## YOUR INSTRUCTIONS
Would you reproduce every line of the material exactly?

## RECORDS TO PROCESS
───

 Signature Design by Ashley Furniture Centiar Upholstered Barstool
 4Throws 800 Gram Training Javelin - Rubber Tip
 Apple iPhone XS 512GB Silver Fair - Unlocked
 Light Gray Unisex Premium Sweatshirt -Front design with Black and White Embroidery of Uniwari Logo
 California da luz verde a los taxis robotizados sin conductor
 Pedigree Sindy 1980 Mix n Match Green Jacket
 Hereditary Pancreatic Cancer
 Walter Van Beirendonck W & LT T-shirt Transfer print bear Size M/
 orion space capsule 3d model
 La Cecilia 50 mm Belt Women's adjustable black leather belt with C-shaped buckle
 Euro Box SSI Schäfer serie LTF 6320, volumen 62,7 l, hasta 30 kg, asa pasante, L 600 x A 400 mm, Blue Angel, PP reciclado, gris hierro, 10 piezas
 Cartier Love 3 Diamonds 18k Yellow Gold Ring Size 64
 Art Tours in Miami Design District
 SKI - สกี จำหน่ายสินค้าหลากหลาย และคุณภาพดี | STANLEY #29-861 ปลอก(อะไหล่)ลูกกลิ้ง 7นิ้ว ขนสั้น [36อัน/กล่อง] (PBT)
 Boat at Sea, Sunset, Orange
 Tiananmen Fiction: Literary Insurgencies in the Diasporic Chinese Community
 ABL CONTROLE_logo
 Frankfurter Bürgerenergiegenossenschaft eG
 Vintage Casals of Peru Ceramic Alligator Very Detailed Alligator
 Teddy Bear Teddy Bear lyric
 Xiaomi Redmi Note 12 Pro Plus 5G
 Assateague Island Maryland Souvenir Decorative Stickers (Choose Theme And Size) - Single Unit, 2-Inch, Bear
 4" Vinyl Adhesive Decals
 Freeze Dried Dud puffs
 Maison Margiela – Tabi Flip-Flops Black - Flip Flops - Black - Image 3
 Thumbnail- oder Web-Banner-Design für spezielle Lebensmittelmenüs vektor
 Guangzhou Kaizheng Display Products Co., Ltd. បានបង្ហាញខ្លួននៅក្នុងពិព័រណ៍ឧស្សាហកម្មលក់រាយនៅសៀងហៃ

───

## FINISHED TASK
 Signature Design by Ashley Furniture Centiar Upholstered Barstool
 4Throws 800 Gram Training Javelin - Rubber Tip
 Apple iPhone XS 512GB Silver Fair - Unlocked
 Light Gray Unisex Premium Sweatshirt -Front design with Black and White Embroidery of Uniwari Logo
 California da luz verde a los taxis robotizados sin conductor
 Pedigree Sindy 1980 Mix n Match Green Jacket
 Hereditary Pancreatic Cancer
 Walter Van Beirendonck W & LT T-shirt Transfer print bear Size M/
 orion space capsule 3d model
 La Cecilia 50 mm Belt Women's adjustable black leather belt with C-shaped buckle
 Euro Box SSI Schäfer serie LTF 6320, volumen 62,7 l, hasta 30 kg, asa pasante, L 600 x A 400 mm, Blue Angel, PP reciclado, gris hierro, 10 piezas
 Cartier Love 3 Diamonds 18k Yellow Gold Ring Size 64
 Art Tours in Miami Design District
 SKI - สกี จำหน่ายสินค้าหลากหลาย และคุณภาพดี | STANLEY #29-861 ปลอก(อะไหล่)ลูกกลิ้ง 7นิ้ว ขนสั้น [36อัน/กล่อง] (PBT)
 Boat at Sea, Sunset, Orange
 Tiananmen Fiction: Literary Insurgencies in the Diasporic Chinese Community
 ABL CONTROLE_logo
 Frankfurter Bürgerenergiegenossenschaft eG
 Vintage Casals of Peru Ceramic Alligator Very Detailed Alligator
 Teddy Bear Teddy Bear lyric
 Xiaomi Redmi Note 12 Pro Plus 5G
 Assateague Island Maryland Souvenir Decorative Stickers (Choose Theme And Size) - Single Unit, 2-Inch, Bear
 4" Vinyl Adhesive Decals
 Freeze Dried Dud puffs
 Maison Margiela – Tabi Flip-Flops Black - Flip Flops - Black - Image 3
 Thumbnail- oder Web-Banner-Design für spezielle Lebensmittelmenüs vektor
 Guangzhou Kaizheng Display Products Co., Ltd. បានបង្ហាញខ្លួននៅក្នុងពិព័រណ៍ឧស្សាហកម្មលក់រាយនៅសៀងហៃ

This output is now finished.